Bounces in risk assets just give the Fed more incentive to tighten harder, until the US Treasury market or adjacent markets become acutely illiquid like the UK government bond market and pension system recently did.
Final Thoughts
This continues to be a particularly challenging macro environment to navigate.
We have to avoid sensationalist and fear-oriented content throughout financial media and especially social media, while also realizing that there are many truly historic events happening here.
Back in 2019, I wrote a long article about a probable government bond bubble forming, and the specific mechanisms (large fiscal deficits that are monetized by central banks) that would likely end it. The one thing I didn’t have yet was a specific catalyst, which came in spring 2020.
Since mid-2020, after that catalyst arrived, I have been using the 1940s decade analogue in a number of articles to describe the 2020s decade, with an emphasis on the long-term debt cycle and fiscal-driven inflation, rather than war. The pandemic/lockdown, rising political polarization around the developed world, and energy supply shortages could have been the fiscal and social equivalent of “wartime finance” instead.
However, with war in Europe and the recent sabotage of the Nord Stream pipelines, plus ongoing tension around Taiwan, the 2020s vs 1940s analogy has only gotten more literal in terms of rising geopolitical conflicts and outright kinetic warfare.
Many of the largest developed countries are forced to monetize their highly-indebted government bond markets amid high inflation, there are acute energy shortages in many parts of the world to a level that represents true national security threats in some cases, and political polarization continues to rise broadly, with the recent Italian elections being an example of that.

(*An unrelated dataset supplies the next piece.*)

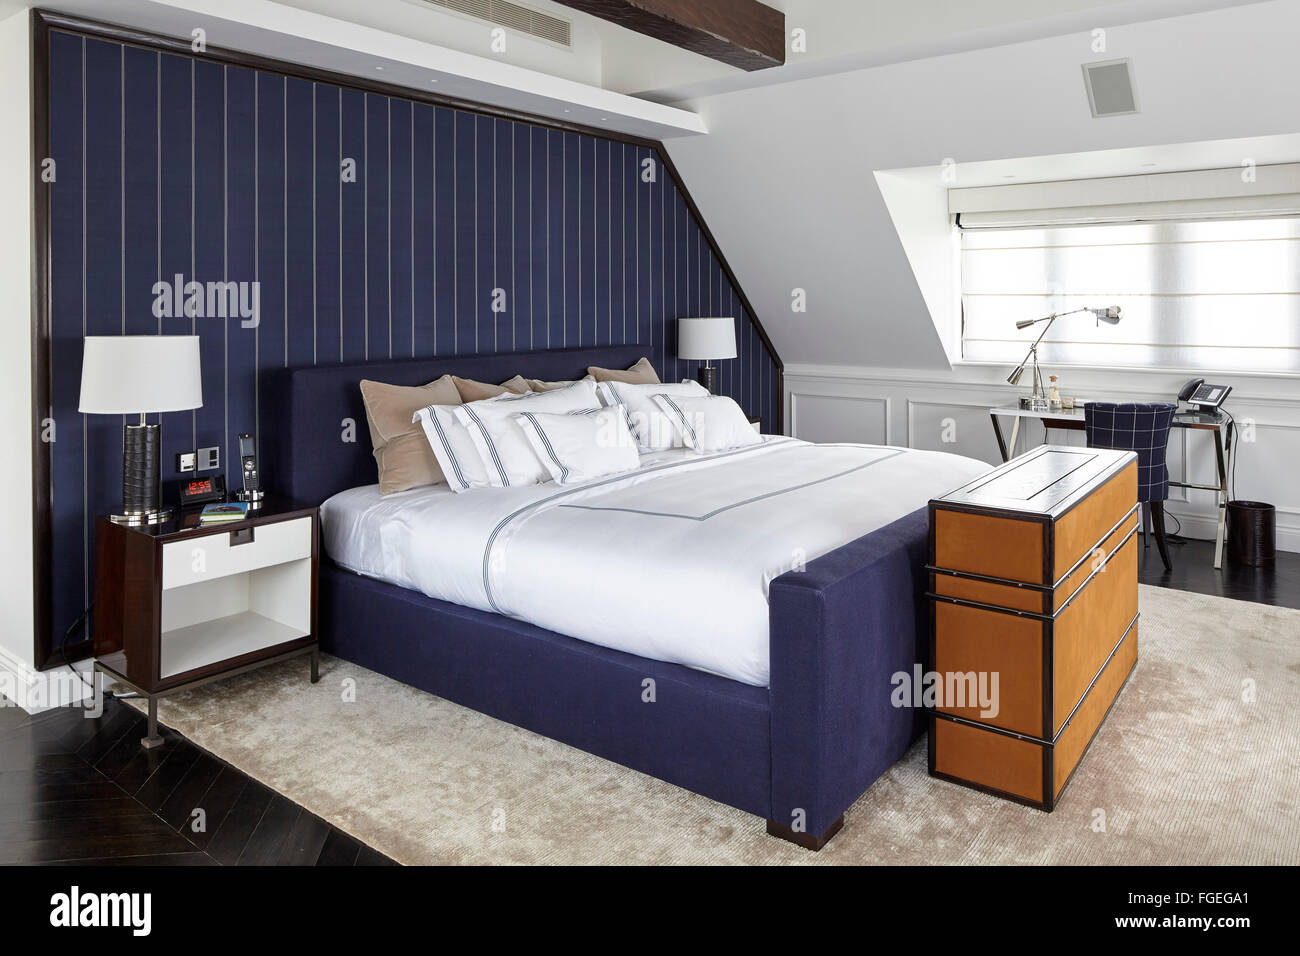 Master Bedroom With Dark Blue Pinstripe Fabric Wall Covering With

There are a lot of attractive risk assets for the long-term out there that I’m keeping an eye on, such as Latin American equities, Indian equities, gold equities, bitcoin, energy producers, a variety of cyclical value equities in general, and so forth. And for many of them, I’m happy to accumulate now in a barbell approach and already own them, while maintaining an overall defensive tilt with other parts of my portfolio. When the Fed runs into difficulty trying to tighten policy more, and has to pause or pivot, then many of these assets would likely become very attractive and I’d probably want to increase my positions.
So, navigating this period becomes about managing timeframes, as we keep a watch list of what we’d like to own more of, and being aware of some of the key catalysts out there. For example, BLDR and SWN are two stocks I’m potentially looking to buy, but am holding tight for the moment as I watch the macro conditions unfold a bit more.